* About this task
In the records that follow, find the line containing "Réarmer la sécurité du thermostat" and the line containing "Algunas bacterias crecen", then transcribe both and every line between them exactly, omitting pictures.

* Material provided
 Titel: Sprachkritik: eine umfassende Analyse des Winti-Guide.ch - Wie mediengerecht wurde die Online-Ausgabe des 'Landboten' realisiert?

---

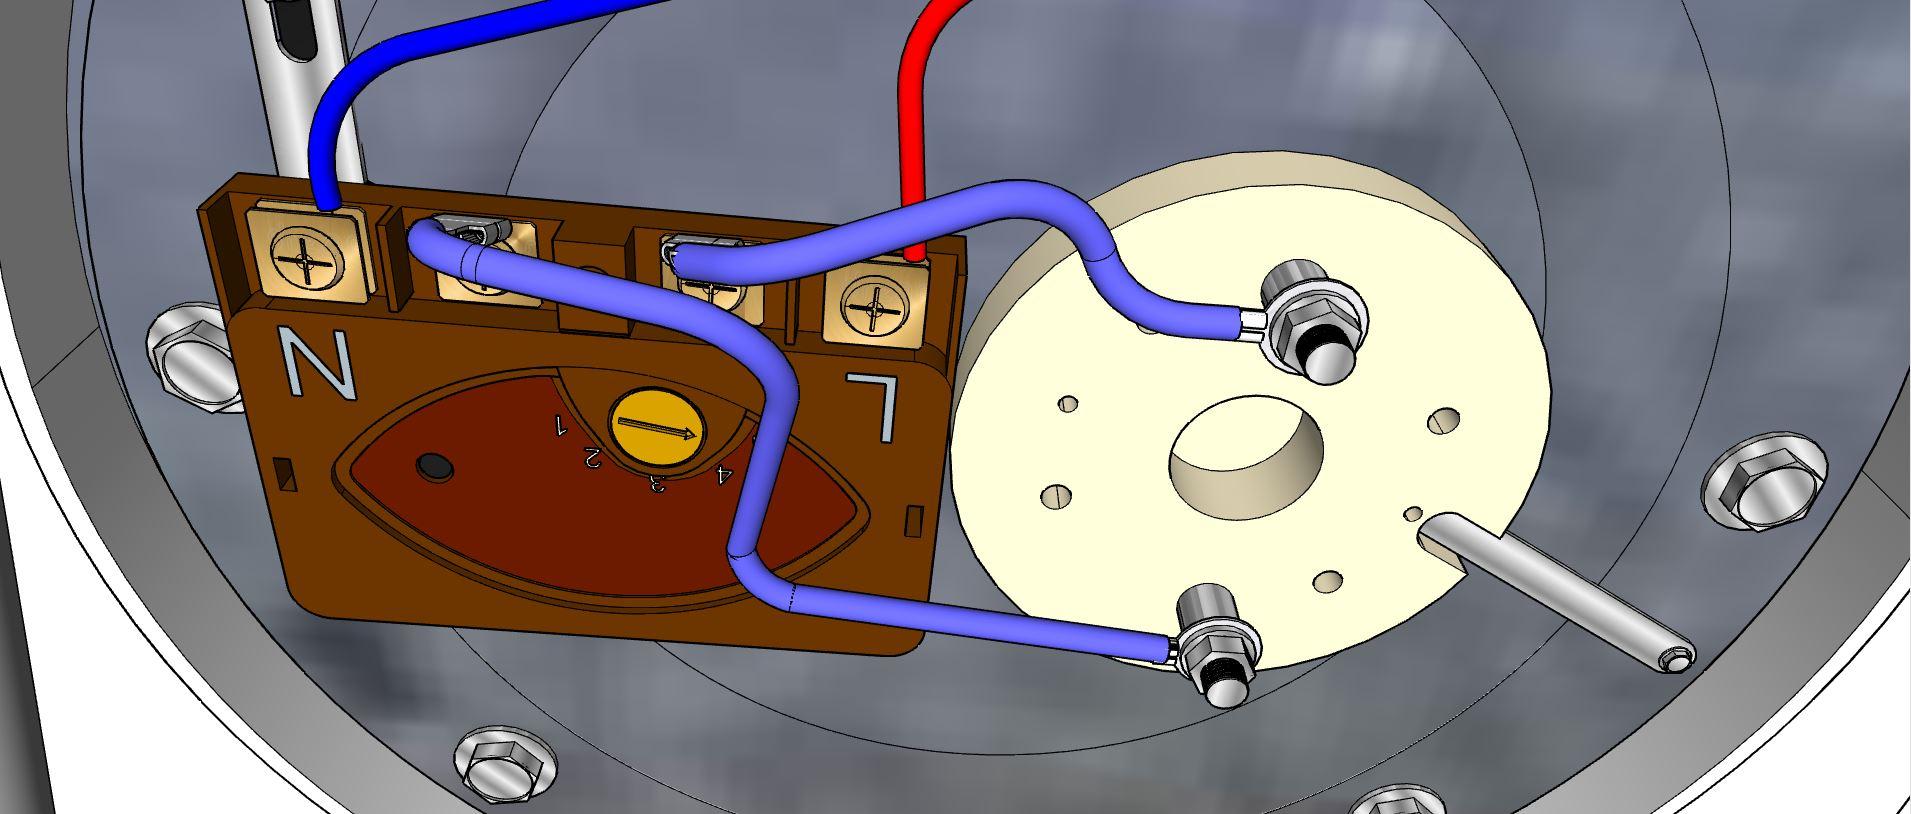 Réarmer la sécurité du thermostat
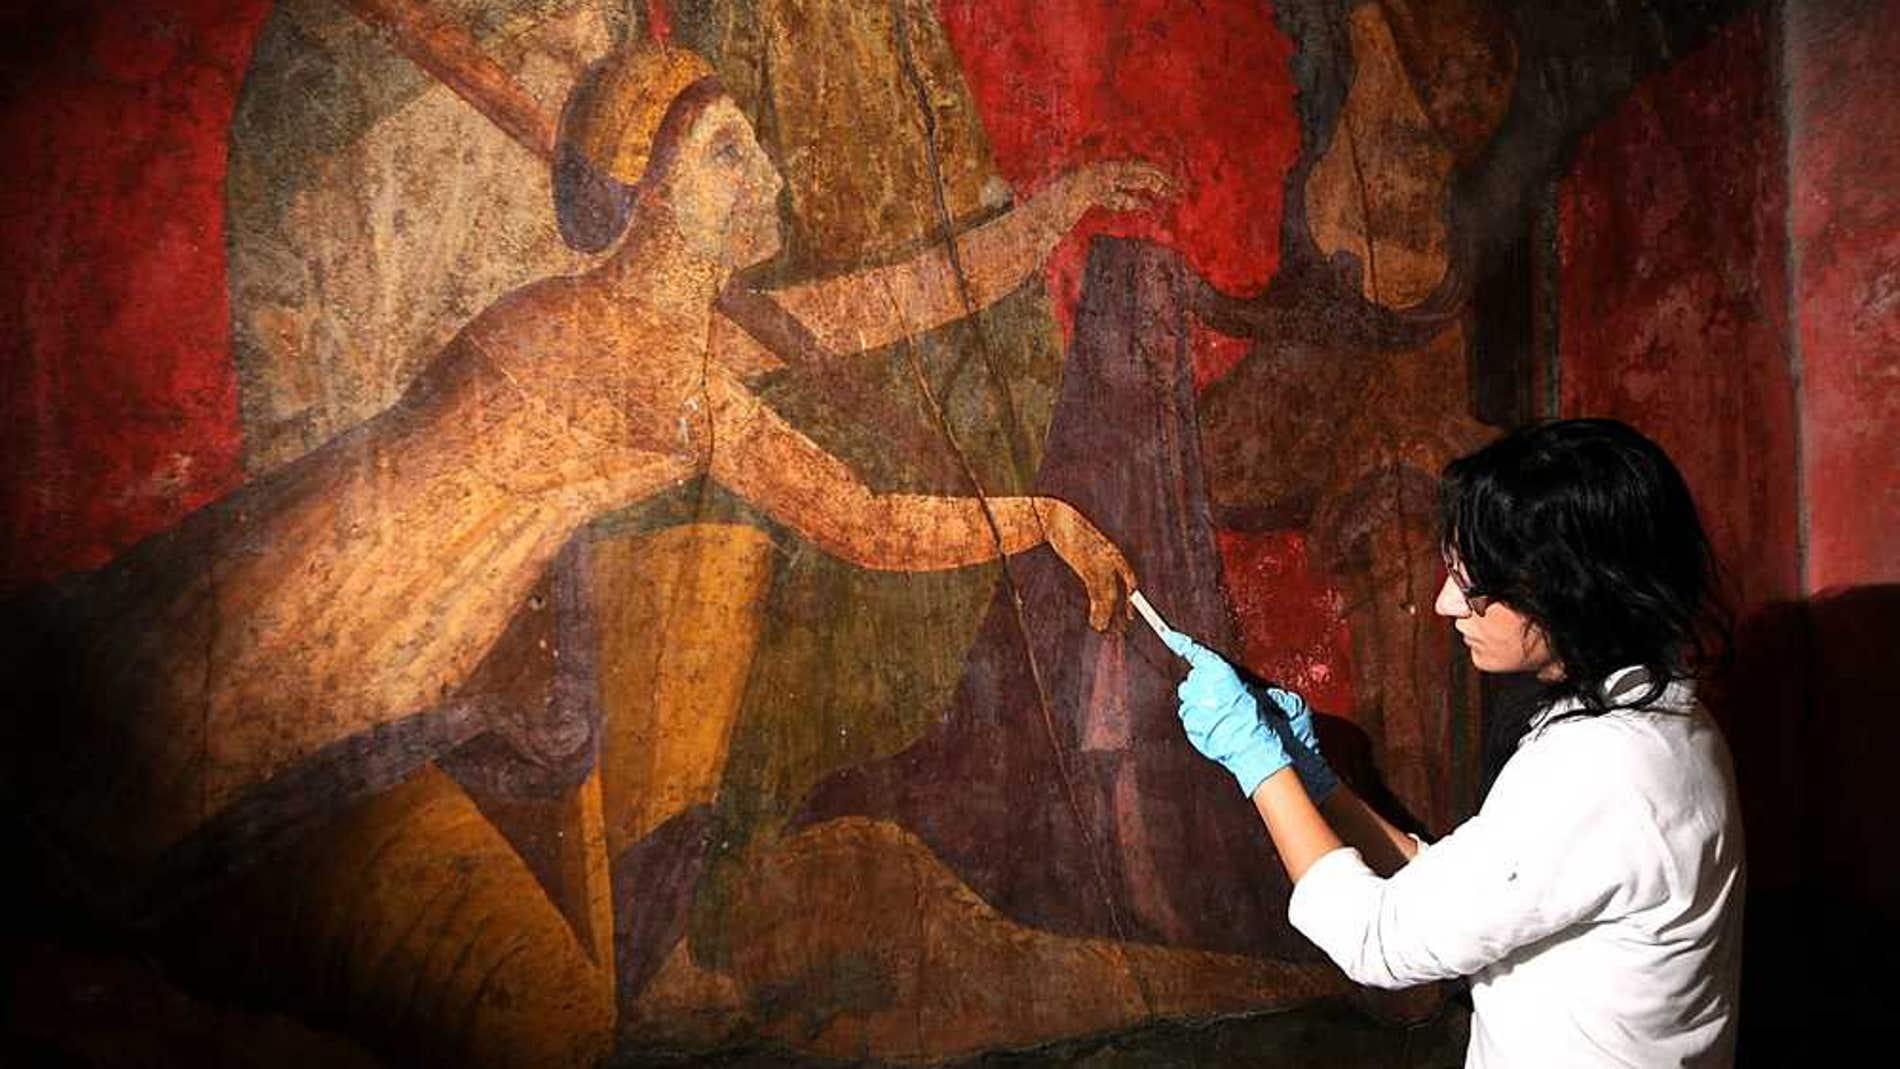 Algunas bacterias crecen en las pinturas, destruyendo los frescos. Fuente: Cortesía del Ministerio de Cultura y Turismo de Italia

...

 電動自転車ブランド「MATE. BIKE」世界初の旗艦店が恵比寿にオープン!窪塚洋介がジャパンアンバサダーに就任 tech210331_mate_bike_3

* Result of this exercise
 Réarmer la sécurité du thermostat
 Algunas bacterias crecen en las pinturas, destruyendo los frescos. Fuente: Cortesía del Ministerio de Cultura y Turismo de Italia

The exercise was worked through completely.